[Data excerpts]
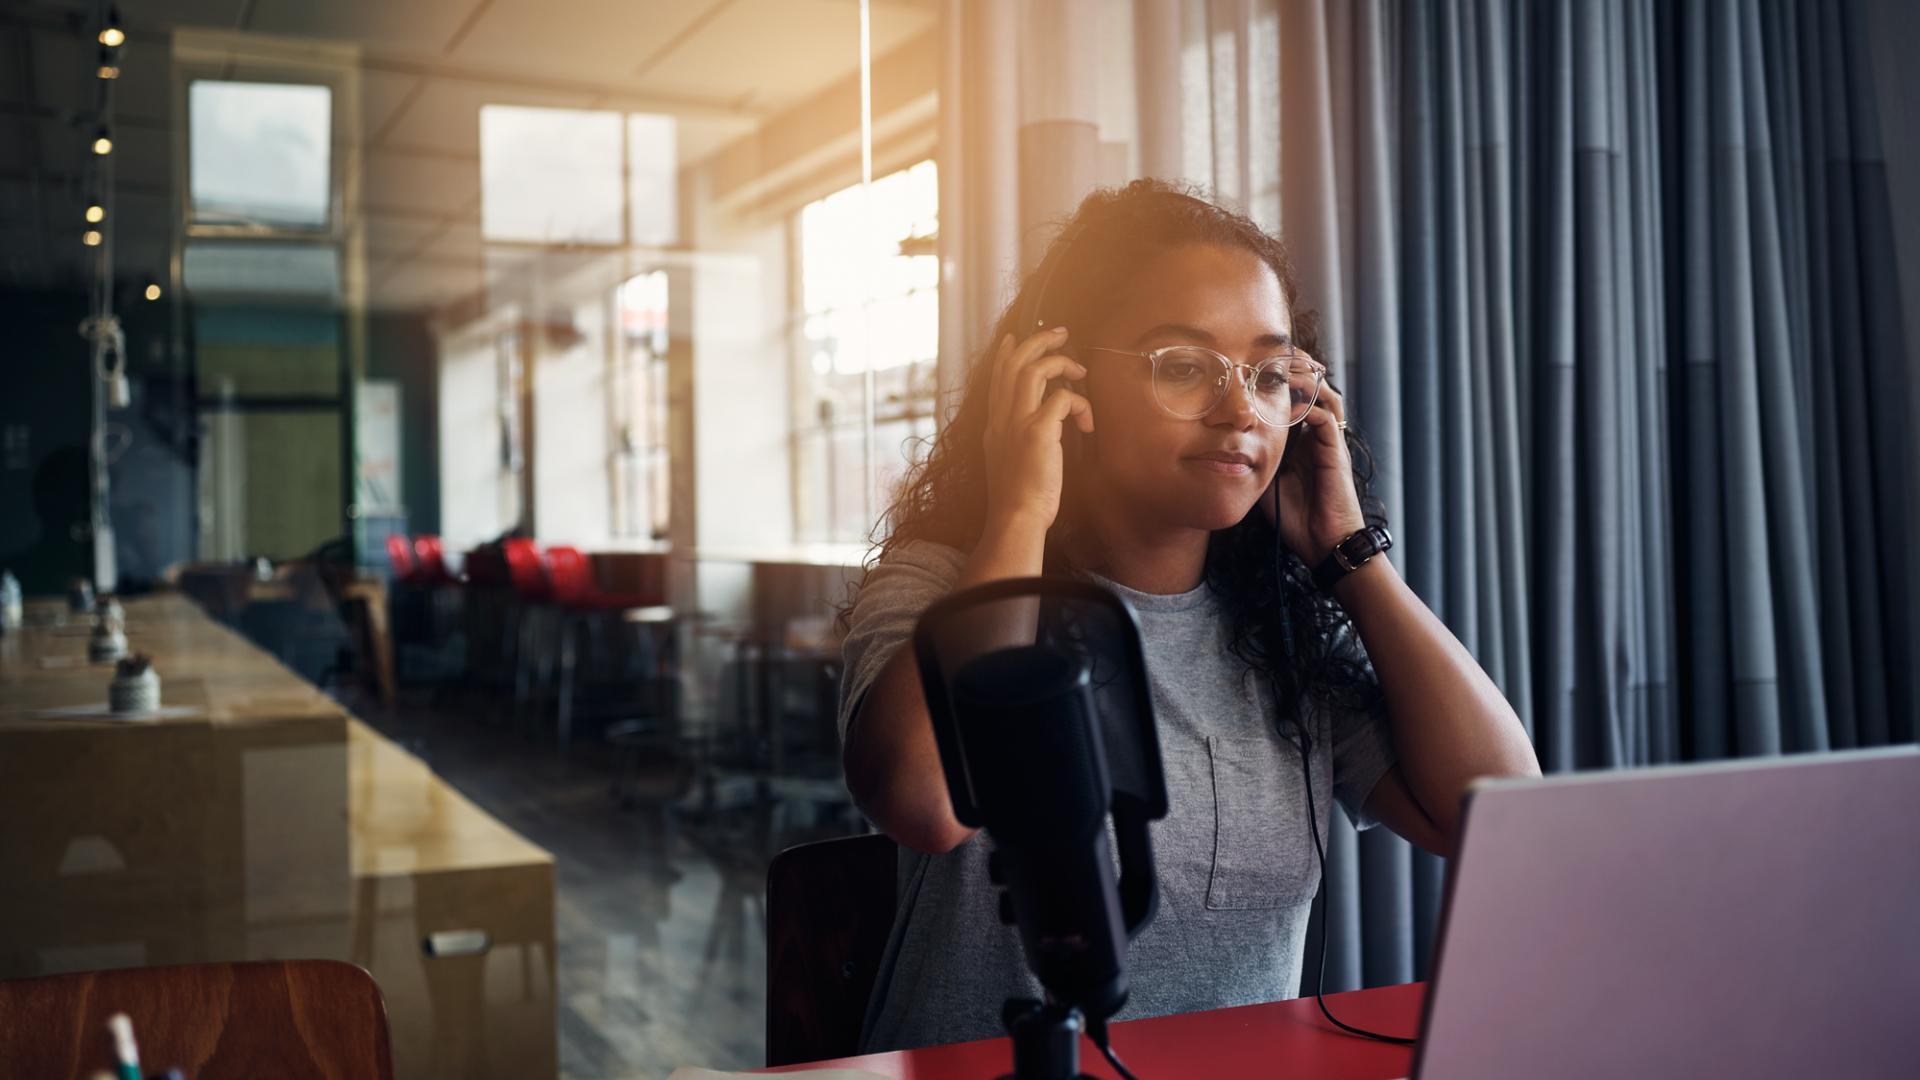 Frau mit Kopfhörern, Laptop, Arbeiten
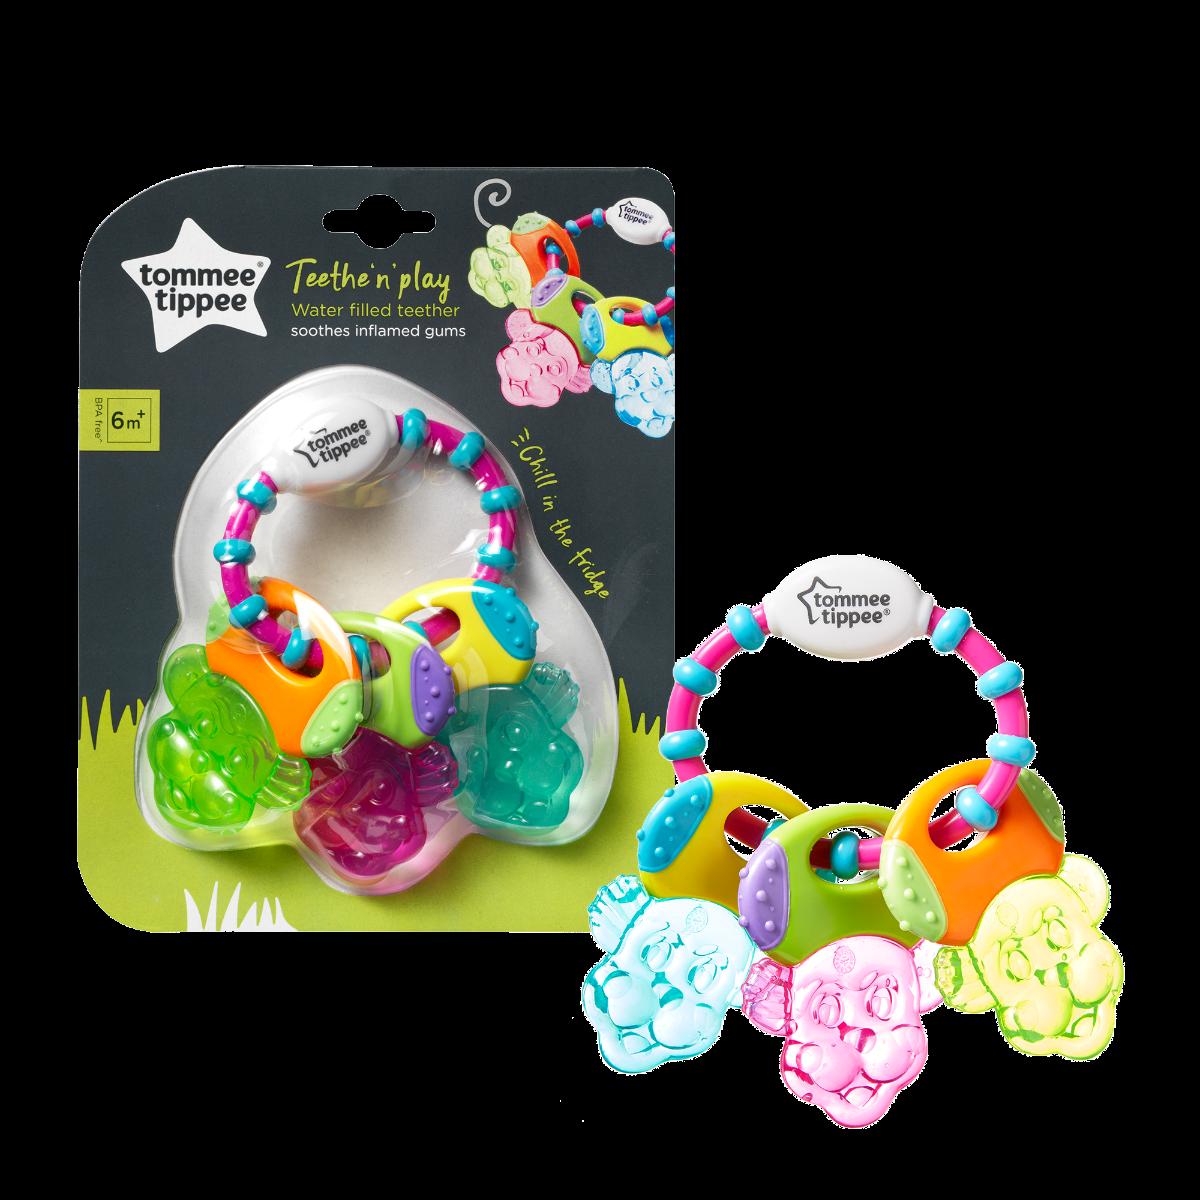 teethe-n-play-multi-colour-teether-in-packaging
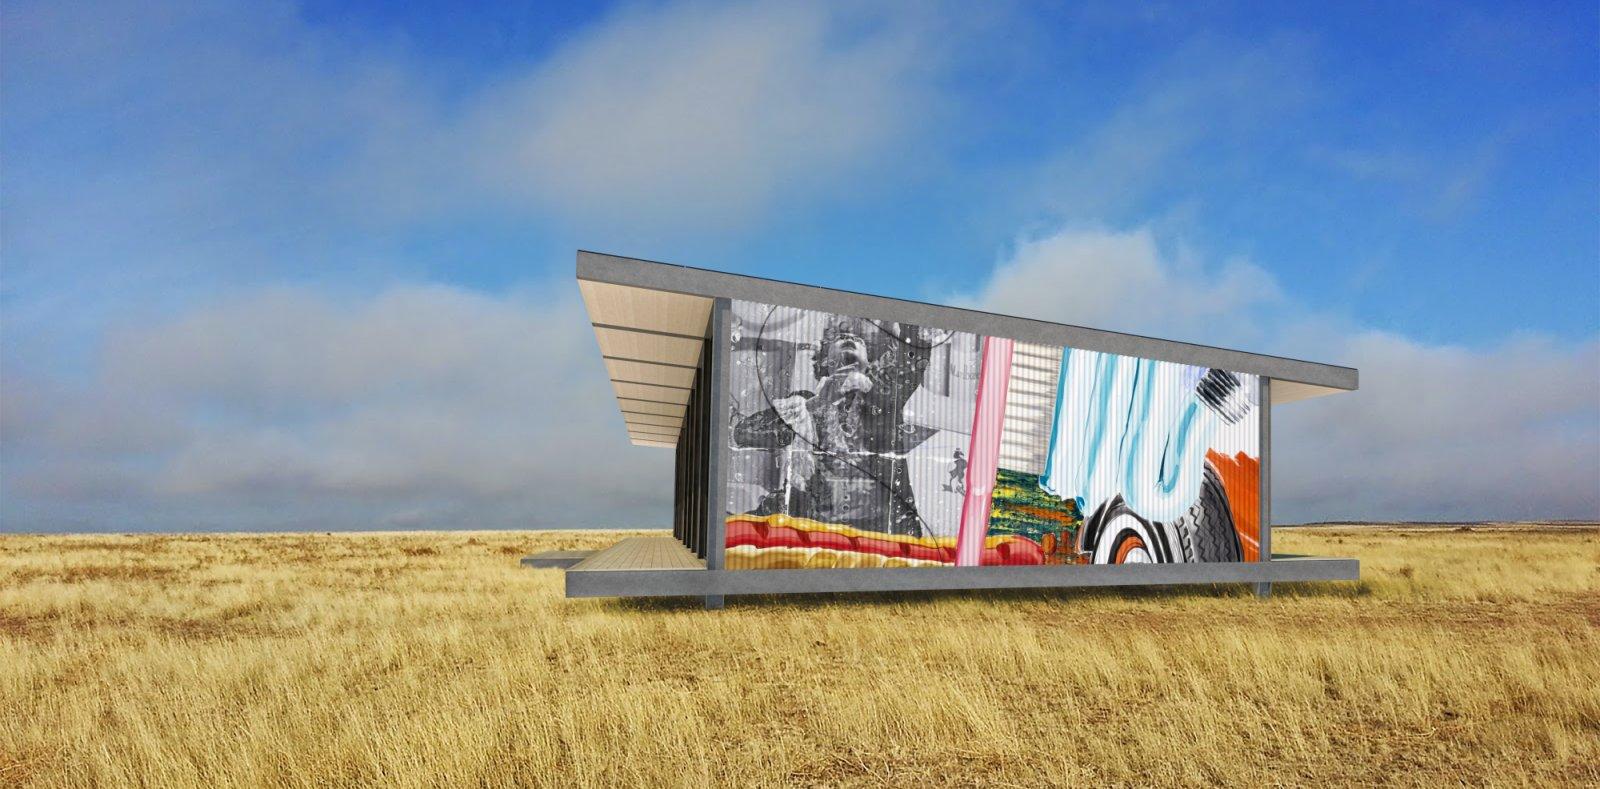 Desert Art House
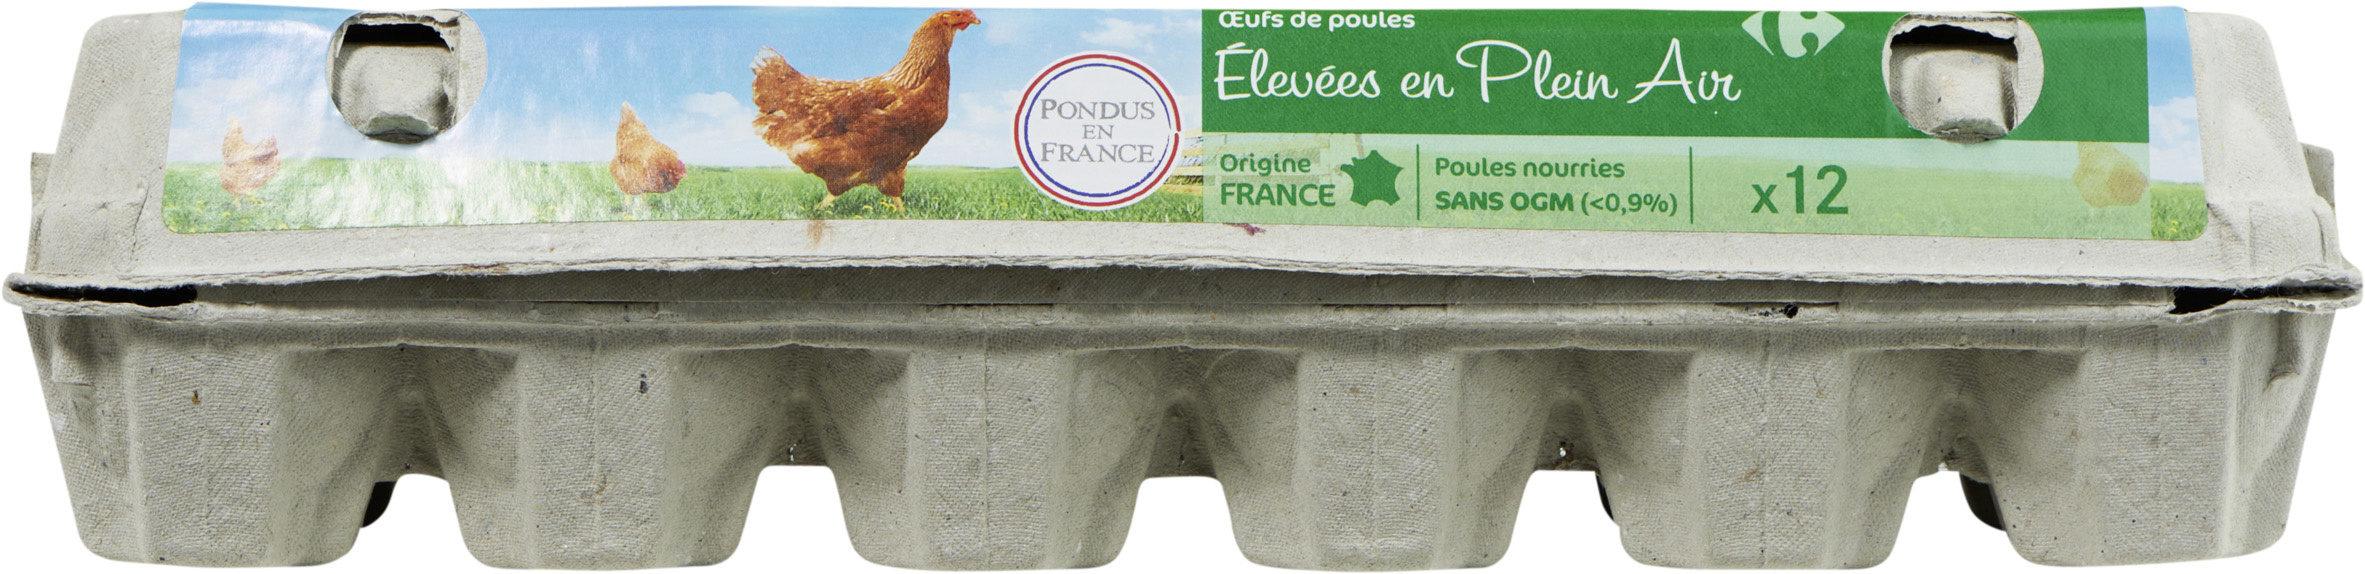 Œufs de poules Elevées en plein air - Product
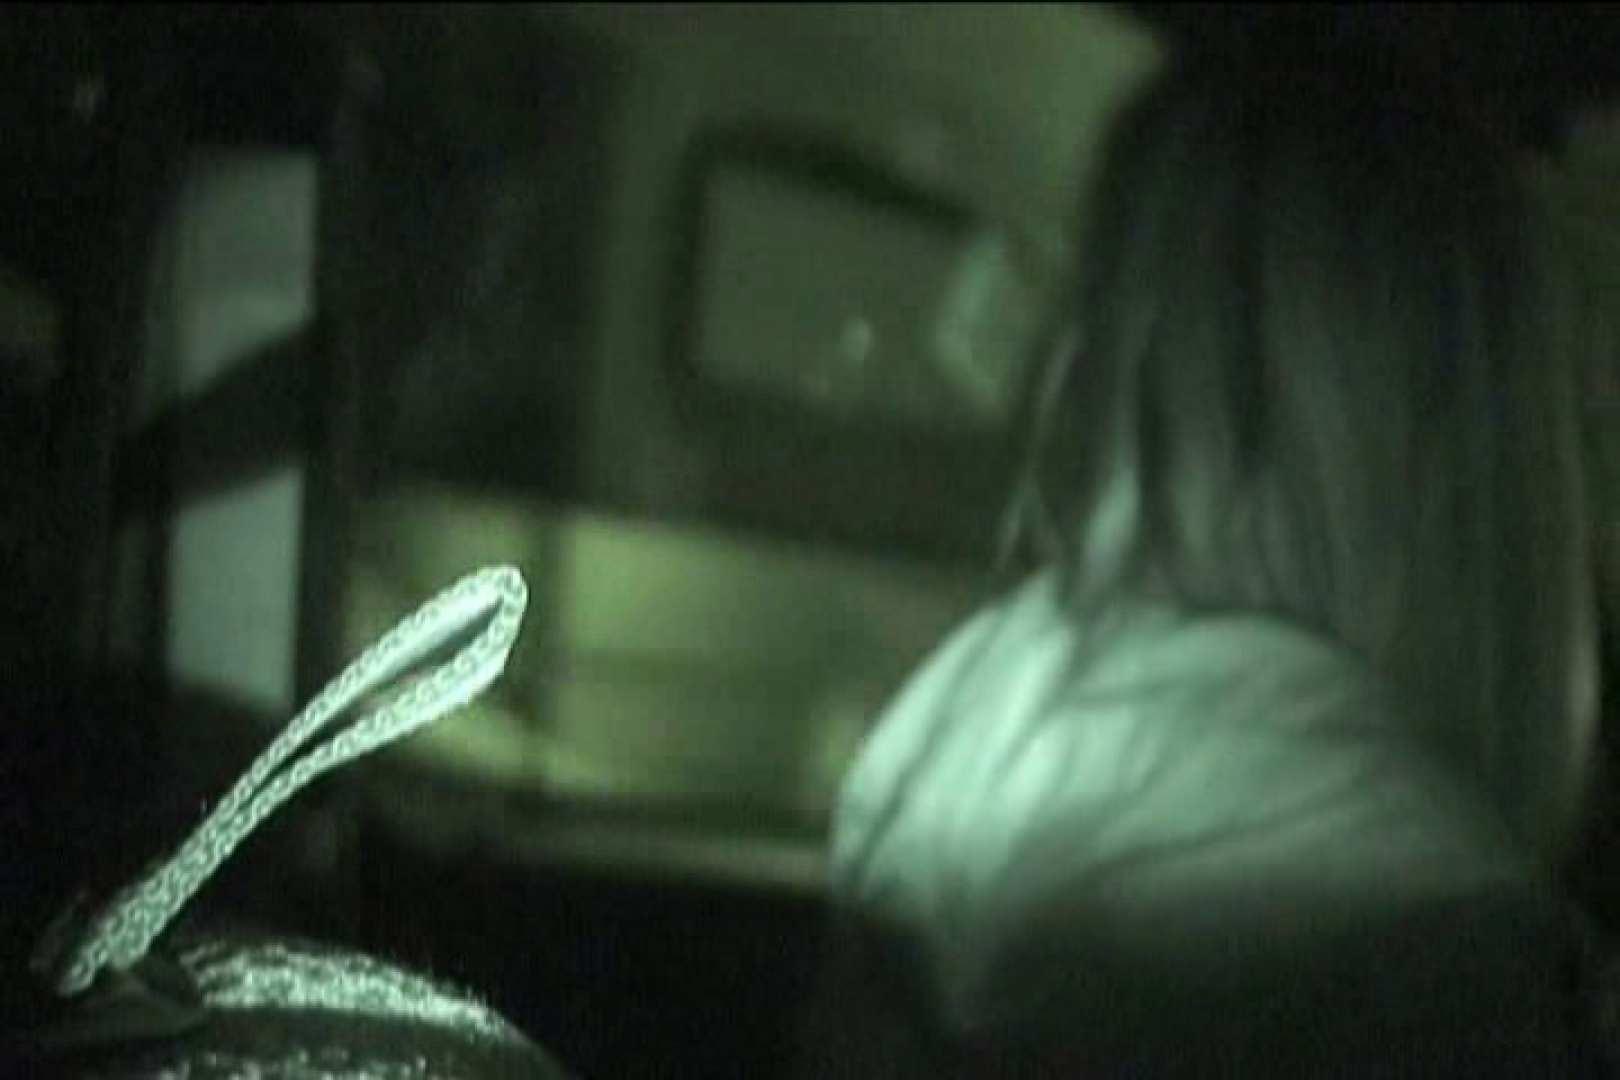 車内で初めまして! vol03 綺麗なOLたち われめAV動画紹介 94枚 32

*Required work*. All entries, top to bottom, should be retyped exactly; the pictures should not be.

*Solution to the problem*.
 Frau mit Kopfhörern, Laptop, Arbeiten
 teethe-n-play-multi-colour-teether-in-packaging
 Desert Art House
 Œufs de poules Elevées en plein air - Product
 車内で初めまして! vol03 綺麗なOLたち われめAV動画紹介 94枚 32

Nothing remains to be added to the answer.